- [EXERCISE GOAL]
Reproduce the lines below exactly. Skip images.

- [DATA SEGMENT]

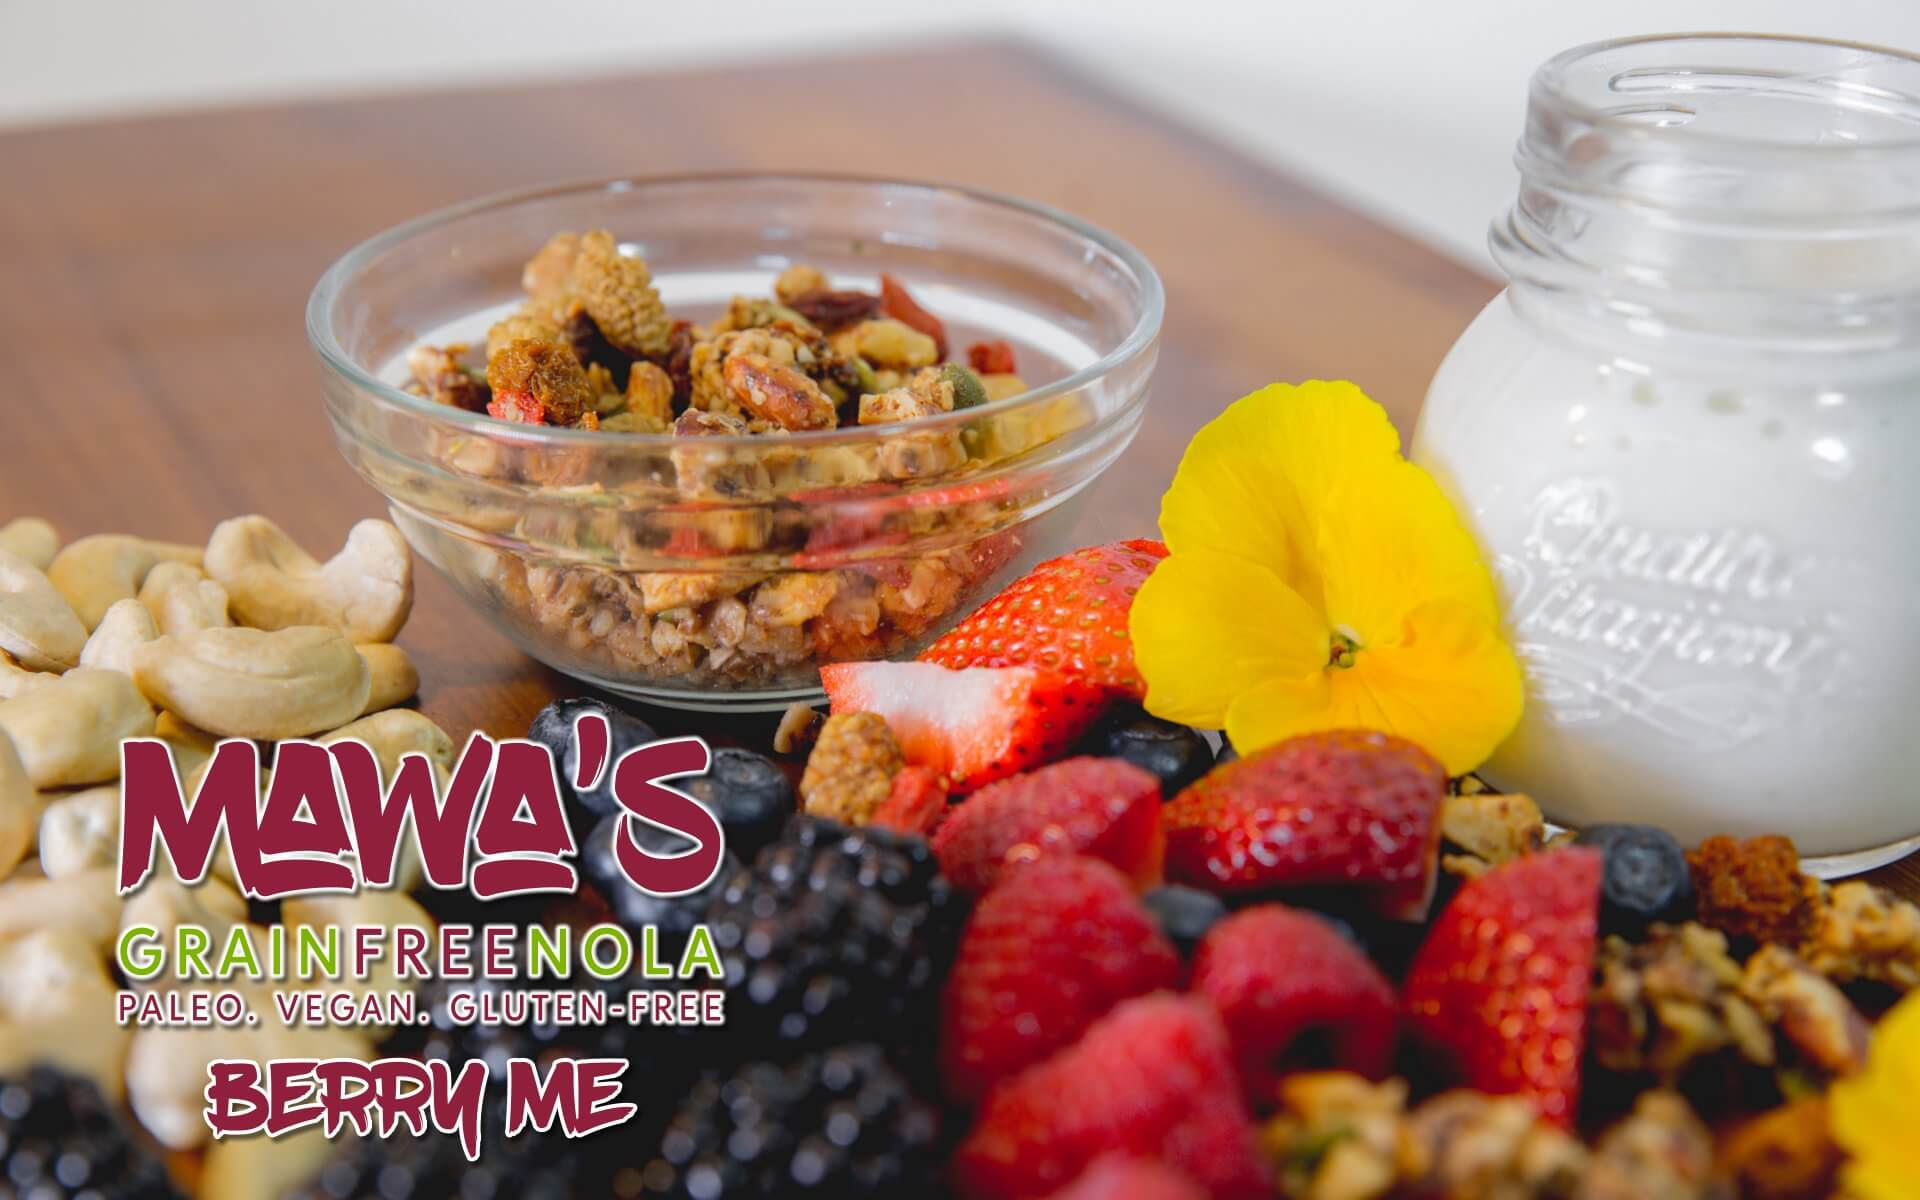 Mawa's GrainFreeNola - Berry Me Paleo, Vegan, Gluten-Free Granola
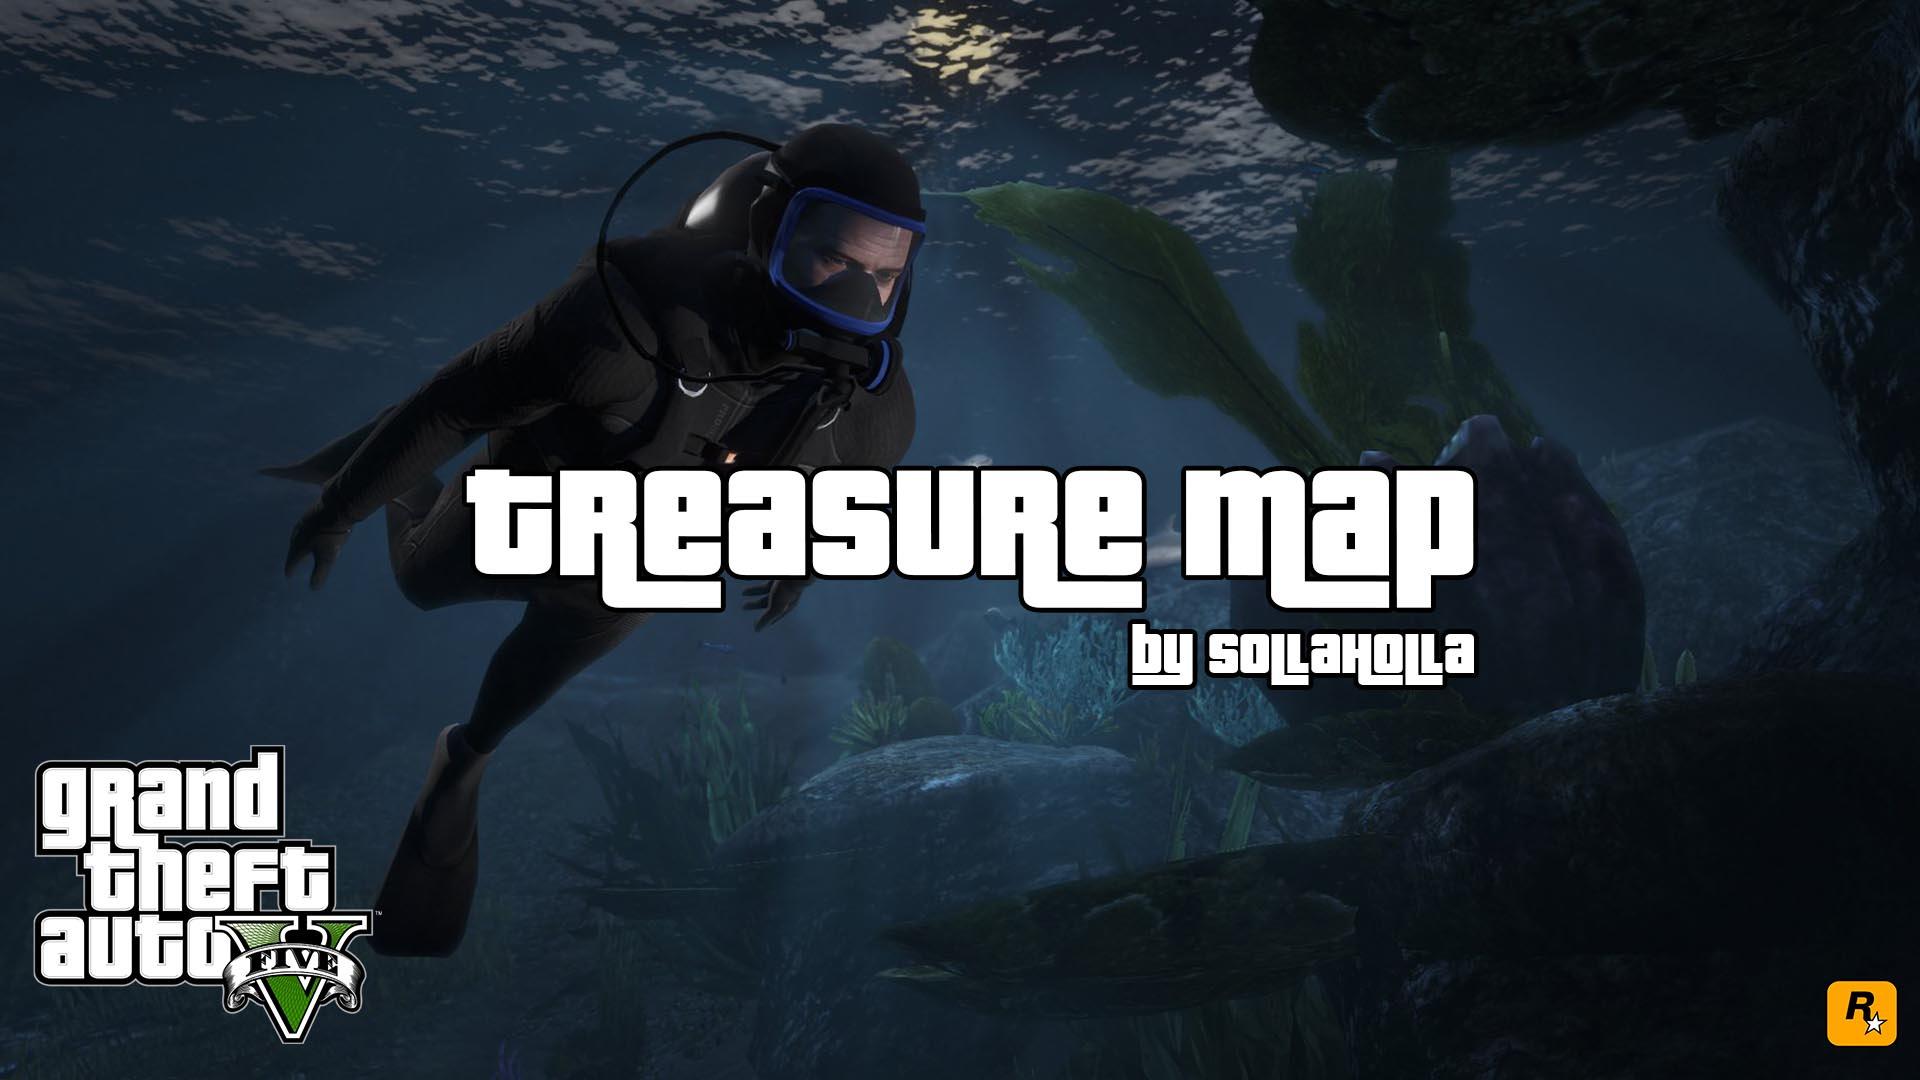 treasure map gta gta5 gtav mods liker mainimage play
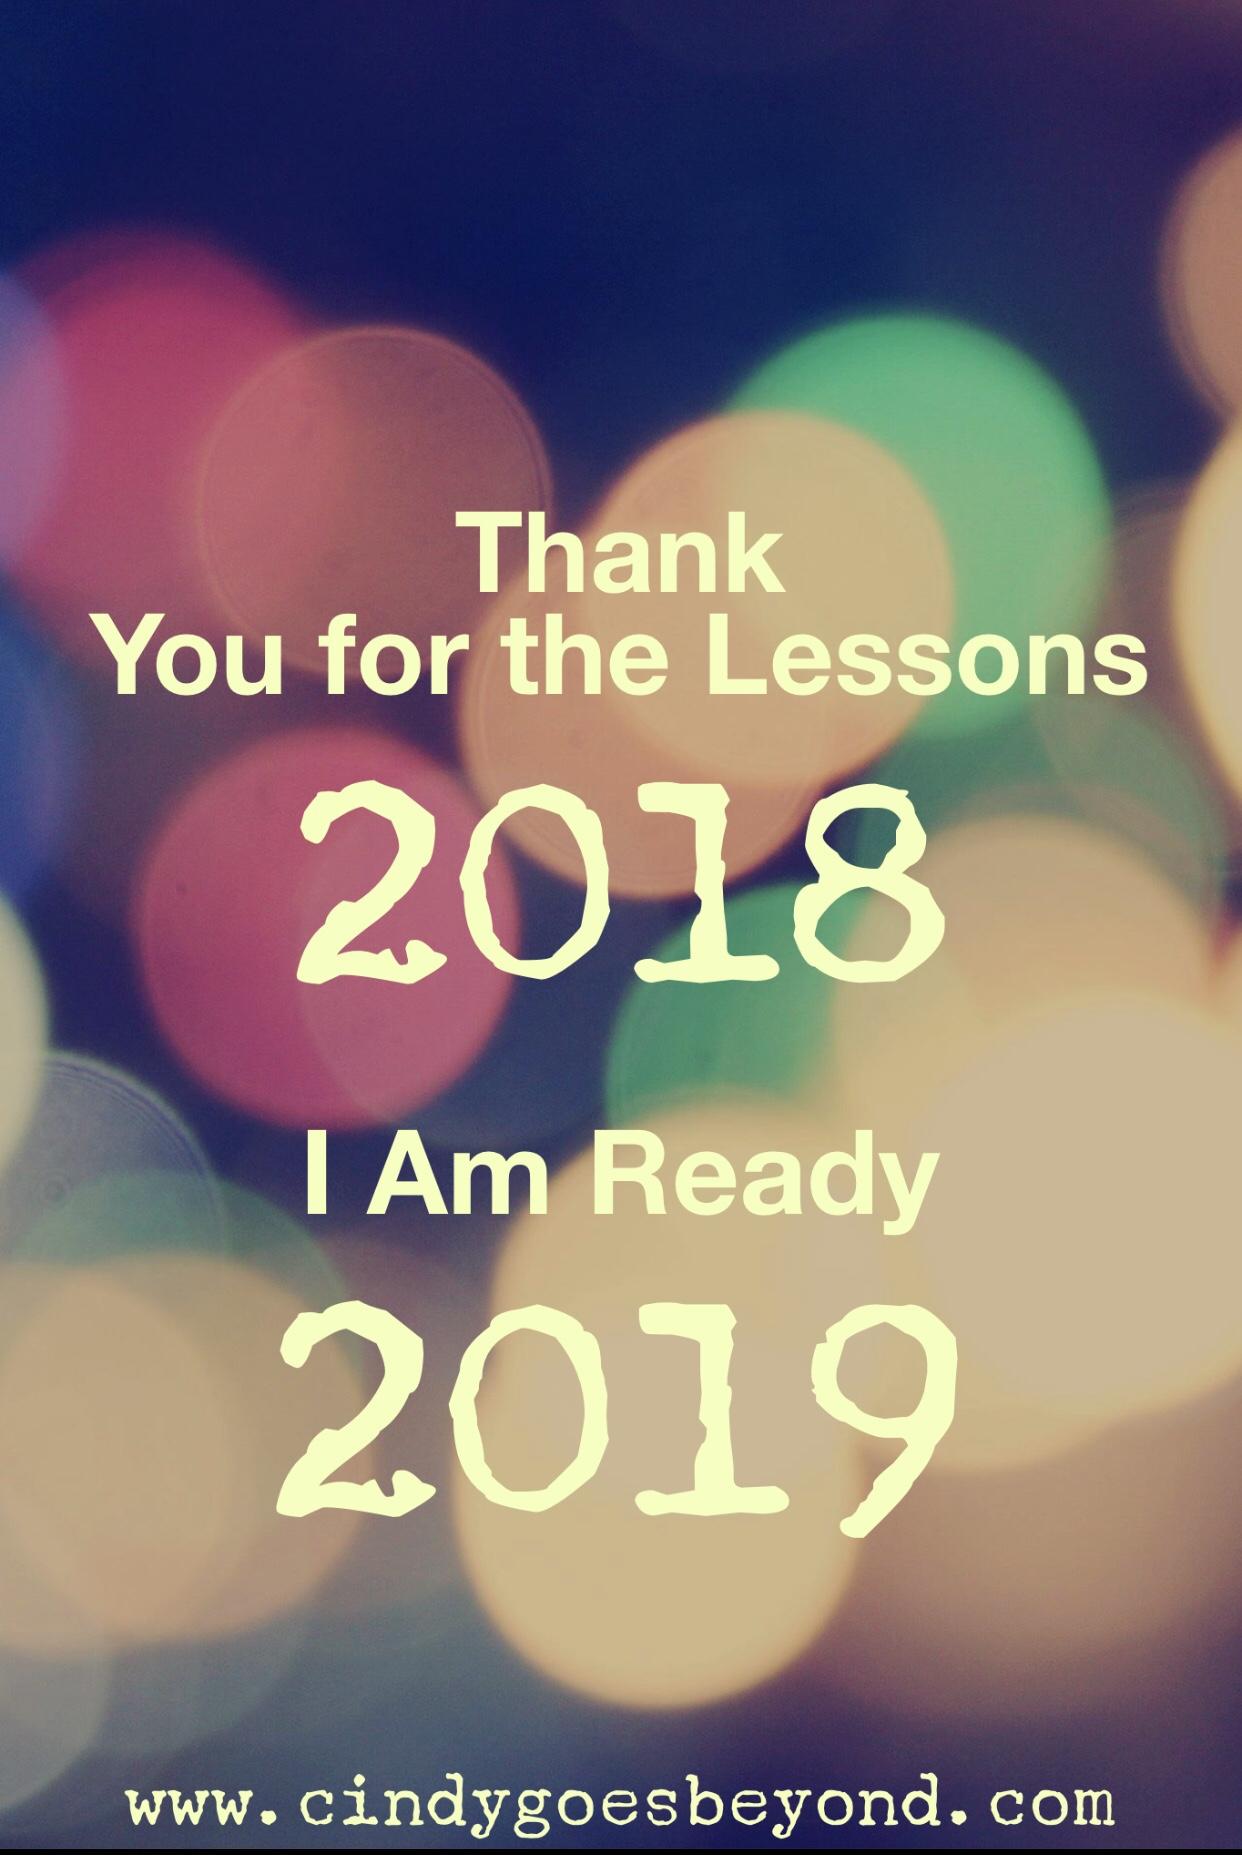 The Lesson 2019

- [RESULT FOR THIS TASK]
 Mawa's GrainFreeNola - Berry Me Paleo, Vegan, Gluten-Free Granola
 treasure map gta gta5 gtav mods liker mainimage play
 The Lesson 2019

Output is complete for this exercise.